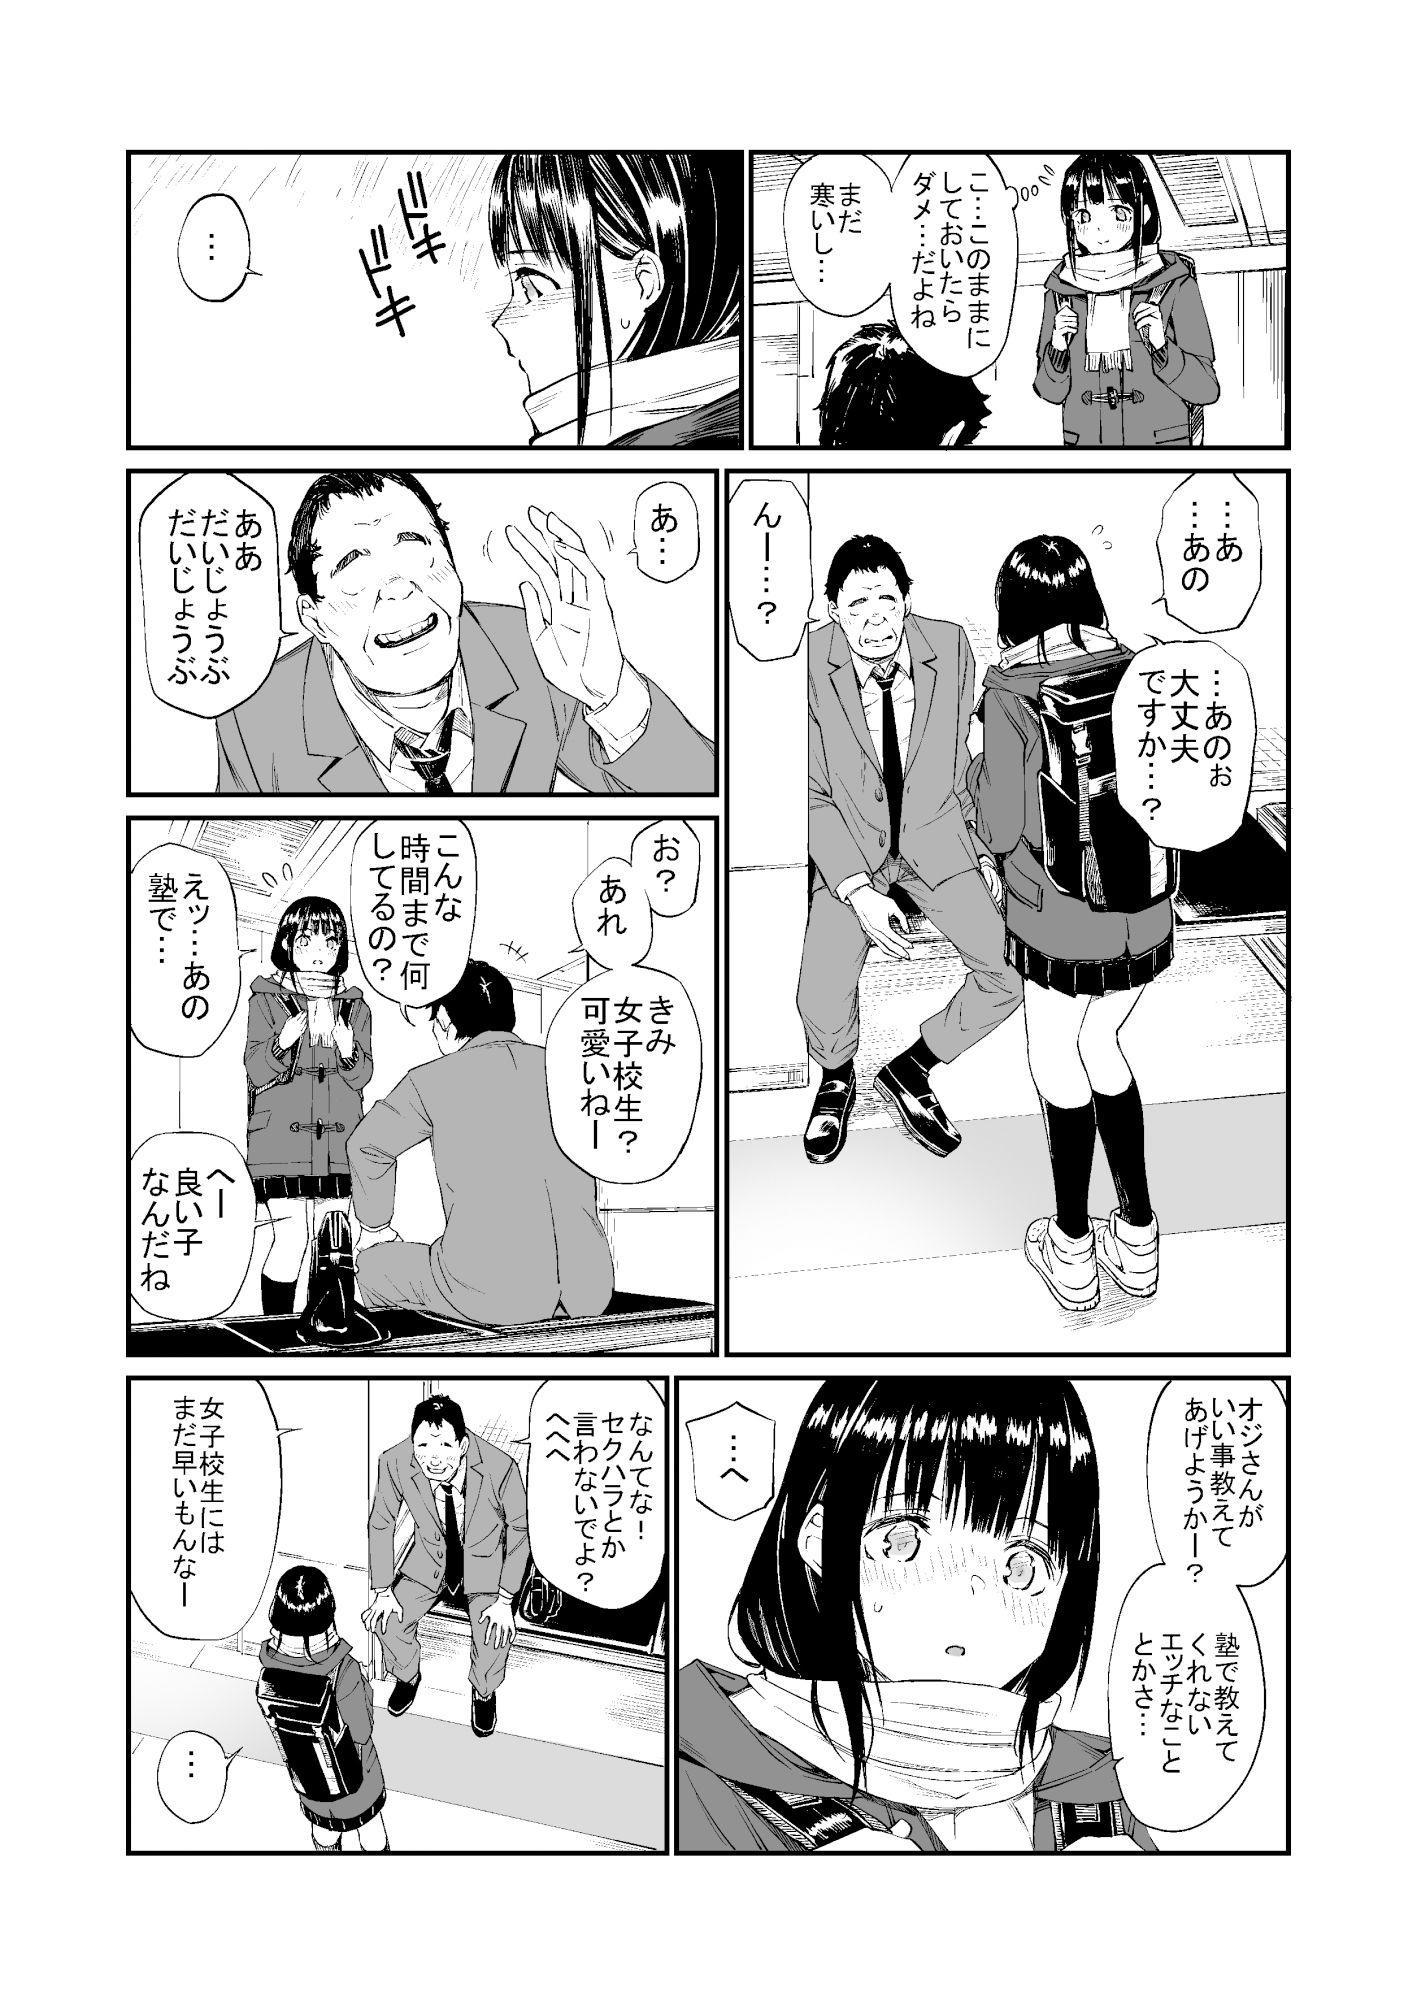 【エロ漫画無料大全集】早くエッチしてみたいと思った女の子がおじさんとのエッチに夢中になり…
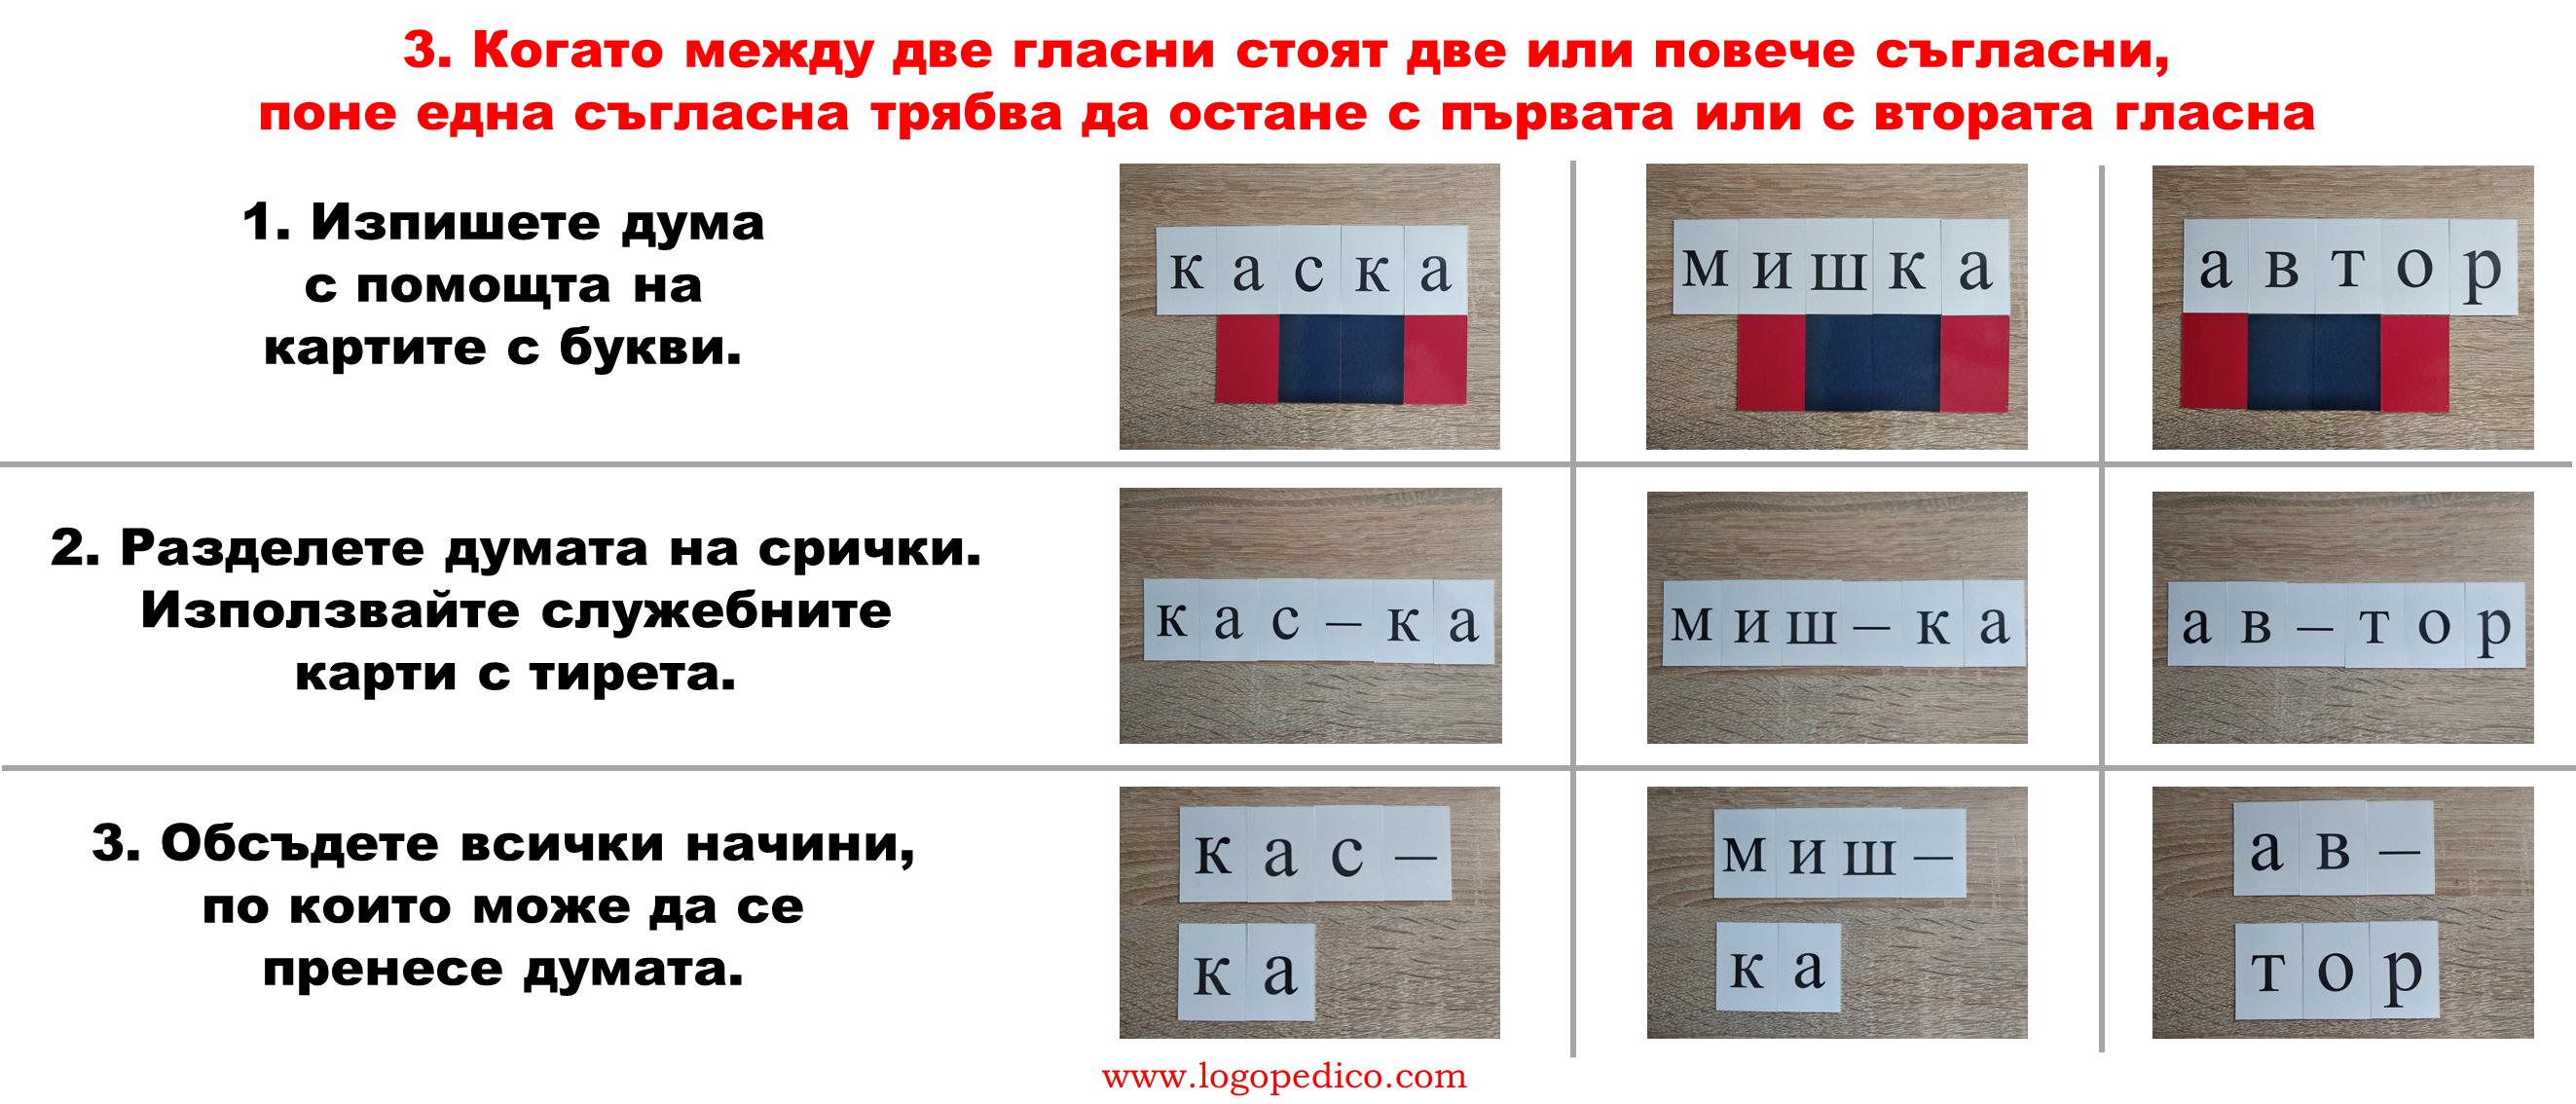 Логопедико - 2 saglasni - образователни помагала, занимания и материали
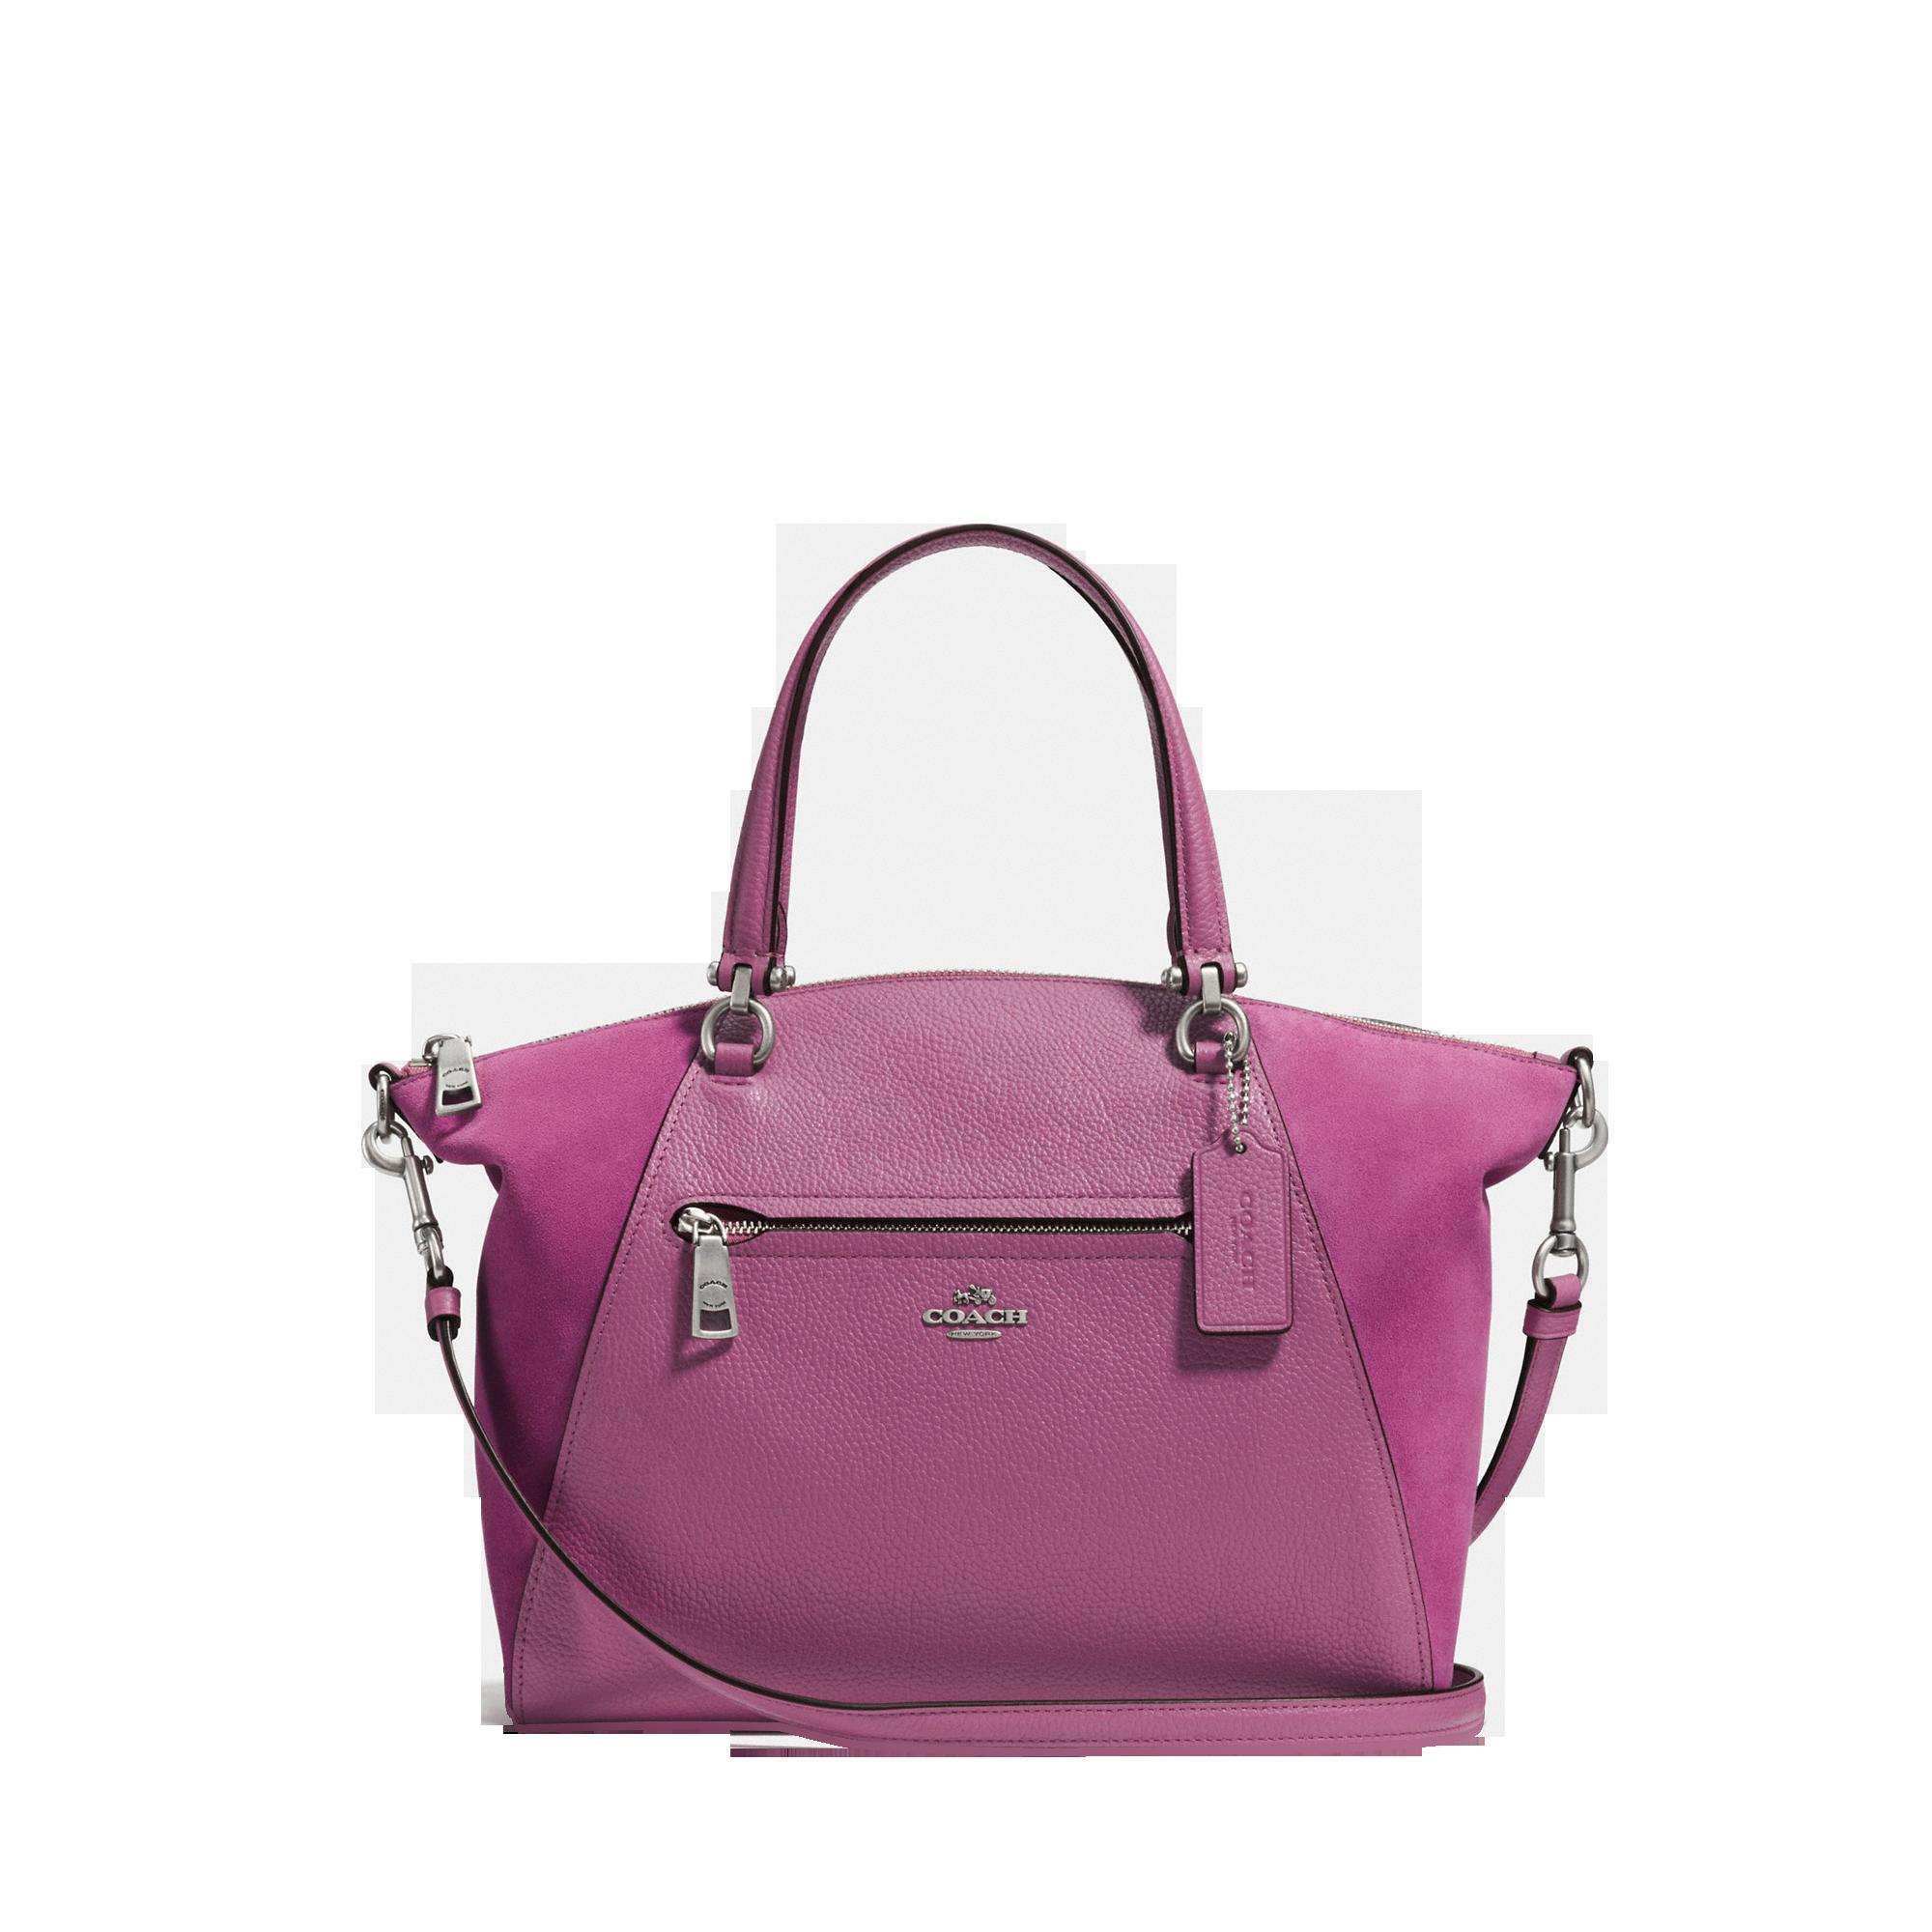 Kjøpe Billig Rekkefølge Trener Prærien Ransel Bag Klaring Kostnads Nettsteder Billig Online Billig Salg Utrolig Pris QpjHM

☆ ☆ ☆ ☆ ☆ ☆ ☆

-- WORK INSTRUCTIONS --
Restate the listing above word for word, and skip the pictures.

-- WRITTEN SOLUTION --
 【エロ漫画無料大全集】早くエッチしてみたいと思った女の子がおじさんとのエッチに夢中になり…
 Логопедико - 2 saglasni - образователни помагала, занимания и материали
 Kjøpe Billig Rekkefølge Trener Prærien Ransel Bag Klaring Kostnads Nettsteder Billig Online Billig Salg Utrolig Pris QpjHM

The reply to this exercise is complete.